Sentiment analysis on tweet data

Primary LanguageJupyter Notebook

Tweets Sentiment Analysis

Project Description

Task

  • Tweets Sentiment Analysis using NLTK VADER, linear SVM and NLP techniques (AUC=0.806)

Requirements

  • Python 3.6
  • Modules: NLTK

What is in this repo

sentiment-analysis.ipynb

  • An implementation of NLTK VADER Sentiment Analyzer, CounterVectorizer, TfidfTransformer, SVC are trained against 2001 labeled tweets using 10-fold cross validation.

  • NLTK VADER Sentiment Analyzer works well to identify polarity of sentiments expressed in social media contexts, thus it is used to compute the polarity scores (positive, negative, netural) for each tweet (without text preprocessing) in the study. This step creates a feature vector (dim = 3) for each tweet.

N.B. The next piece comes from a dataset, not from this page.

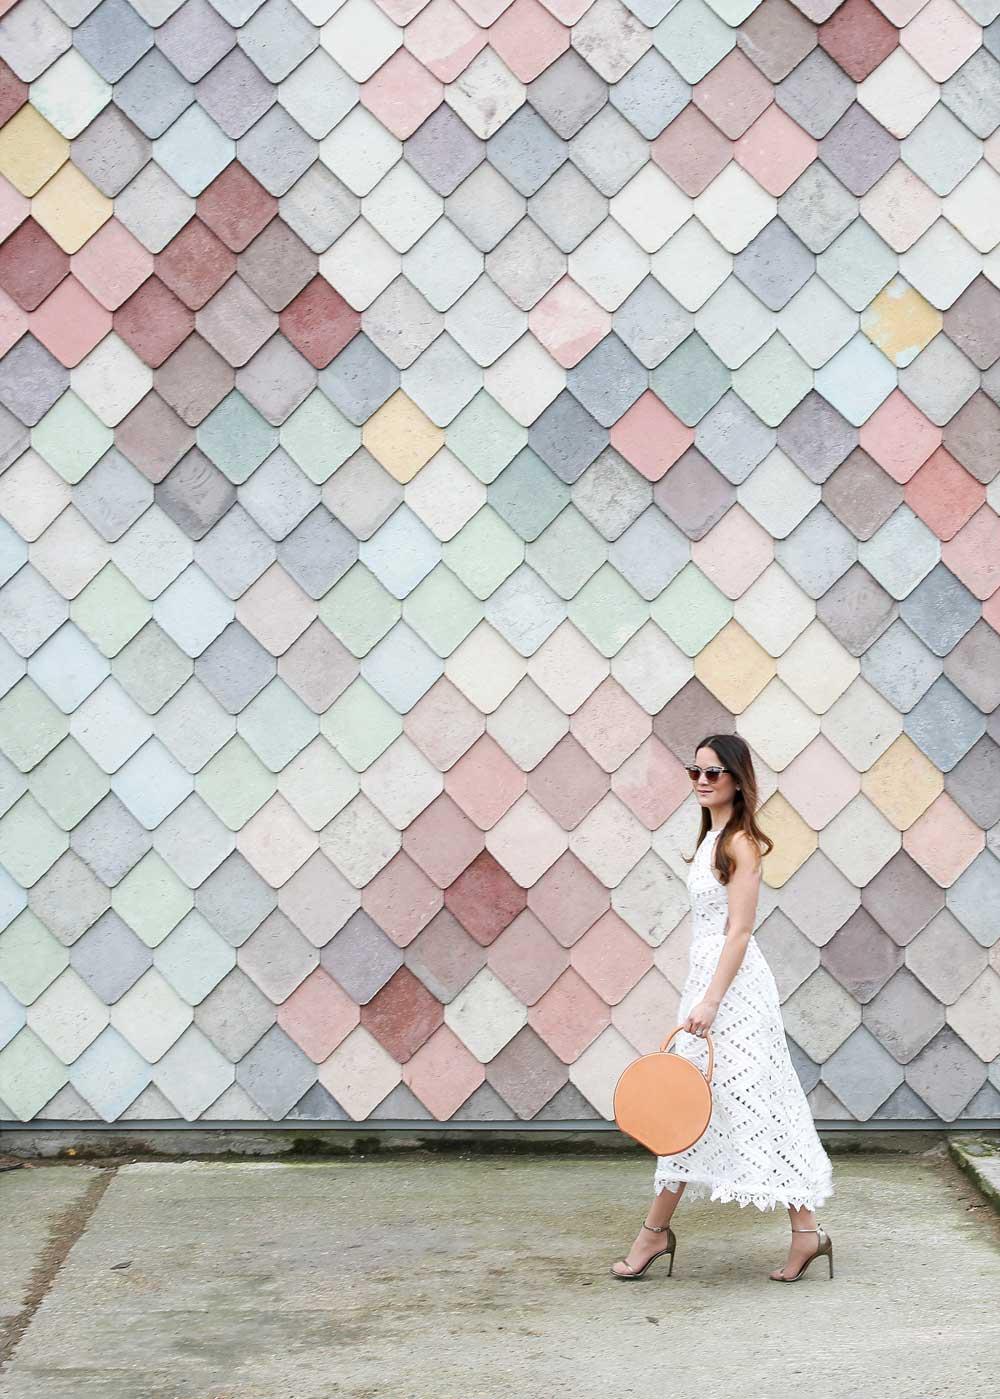 Colorful Tile Wall London

  • Next, text preporcessing (eg. remove html tag, @tag, numbers and symbols) is done for each tweet before feeding into CountVectorizer to tokenize the tweets and create Bag of Words. TfidfTransformer is then applied to normalize the count matrix to tf-idf representation. This step creates a feature vector (max_features = 5000) for each tweet.

  • The two feature vectors created above are combined to form a new feature vector. The new feature vectors are used to train SVC model.

  • Grid search is used to find the best parameter set of SVC. Best parameter set : {'C': 0.5, 'kernel': 'linear'}.

  • Evaluation on area under ROC curve is made using 10-fold cross validation. Best AUC score = 0.806 (+/-0.062) for the parameter set {'C': 0.5, 'kernel': 'linear'}.

model-comparison-01.ipynb, model-comparison-02.ipynb, model-comparison-03-word2vec.ipynb

  • The dataset is also tested against other methods, eg. with or without VADER, using different classifiers, Word2Vec.

  • Among all other methods in the study, VADER + CountVectorizer + TfidfTransformer + SVC (linear kernel) / SGDClassifier (linear SVM) achieves the best AUC score so far.

Model Evaluation

Classifiers AUC
VADER + SVC 74.7%
CountVectorizer + MultinomialNB 76.7%
CountVectorizer + TfidfTransformer + MultinomialNB 77.9%
VADER + CountVectorizer + TfidfTransformer + SVC 80.6%
VADER + CountVectorizer + TfidfTransformer + LinearSVC 80.4%
VADER + CountVectorizer + TfidfTransformer + SGDClassifier 80.6%
VADER + CountVectorizer + TfidfTransformer + RandomForestClassifier 79.5%
Word2Vec + RandomForestClassifier 65.8%